Ketidakpuasan bentuk tubuh memotivasi wanita untuk selalu berusaha meningkatkan daya tarik fisiknya (Melliana, 2006). Hal ini didukung oleh semakin banyaknya wanita yang tertarik dengan berbagai jenis olahraga fitness center, antara lain aikido, aerobik, body sculpting, serta yoga dengan tujuan untuk memperbaiki serta mendapatkan penampilan fisik yang diinginkan. Serangkaian olahraga tersebut peminatnya tinggi bukan hanya karena trend, tetapi juga karena dipercaya dapat membantu wanita dalam menjaga bentuk tubuhnya supaya selalu tampil menarik (Defika, 2016).

Havighurst (dalam Santrock, 2007) menjelaskan bahwa salah satu tugas perkembangan remaja ialah menerima keadaan fisiknya dan mempergunakan tubuhnya dengan baik. Sejalan dengan hal itu, pendapat Gongora (2014) juga menjelaskan bahwa remaja seharusnya bisa menghindari ketidakpuasan terhadap tubuhnya agar dapat memiliki tingkat kepuasan hidup yang tinggi.

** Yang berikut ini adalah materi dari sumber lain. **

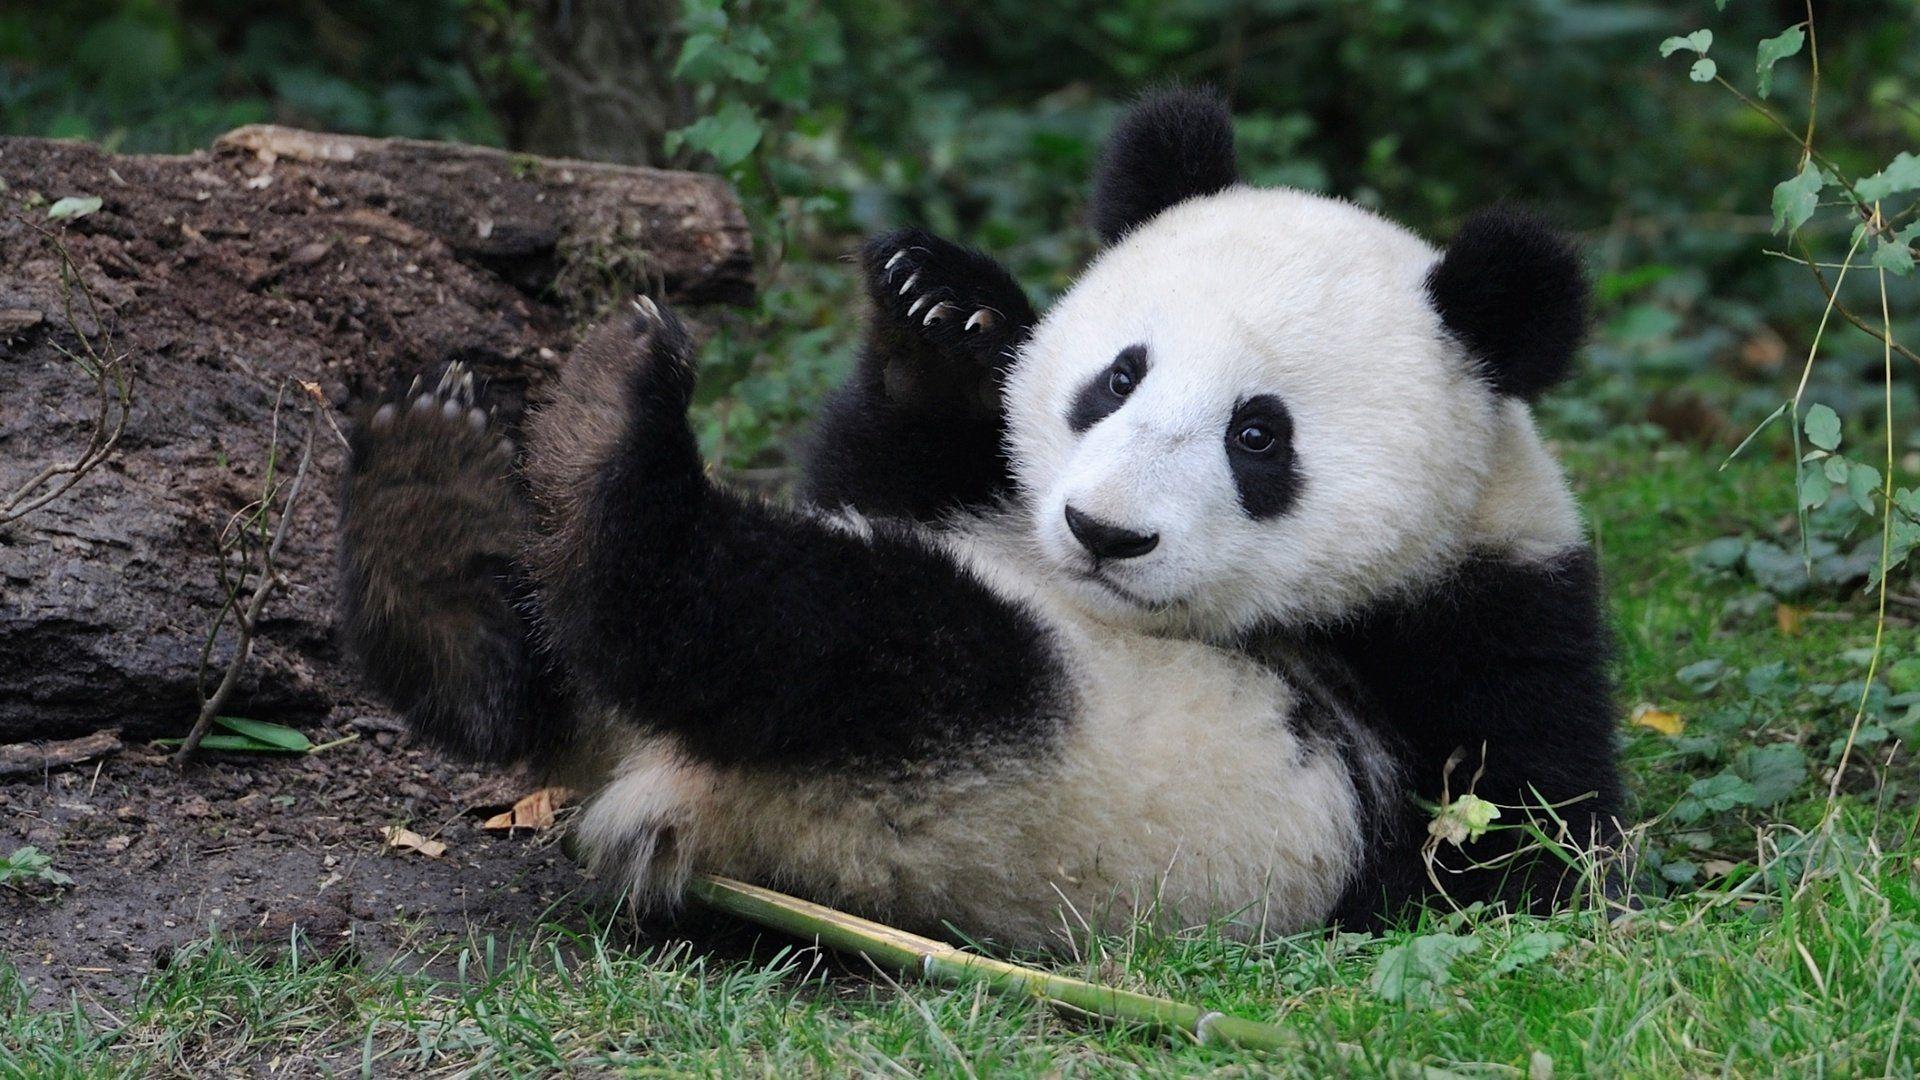 Kakrtinki Big Panda

Kemudian, dijelaskan lagi oleh Brannan & Petrie (2011), kepuasan hidup yang tinggi dapat mengurangi dampak body dissatisfaction sehingga dapat menghasilkan keadaan psikologis yang lebih sehat.

Beberapa penelitian menunjukkan bahwa kebanyakan remaja perempuan tidak puas dan membenci perubahan fisik yang terjadi setelah pubertas lebih dari laki-laki (Gatti, dkk, 2014). Hal ini sesuai dengan pernyataan Cash dan Pruzinsky

(5)

(2002) bahwa antara 40 sampai 70 % remaja perempuan merasa tidak puas dengan setidaknya dua elemen tubuh yang dimiliki, hal ini disebabkan terkait penambahan massa lemak tubuh di bagian pantat, pinggul, perut, serta paha. Tentu saja hal ini bertentangan pada salah satu tugas perkembangan remaja, remaja seharusnya bisa menerima fisiknya dan membangun self esteem yang baik sehingga tidak berdampak pada dirinya sendiri, dan tidak sampai mengalami ketidakpuasan tubuh, namun berdasarkan fakta di lapangan menunjukkan hal yang sebaliknya.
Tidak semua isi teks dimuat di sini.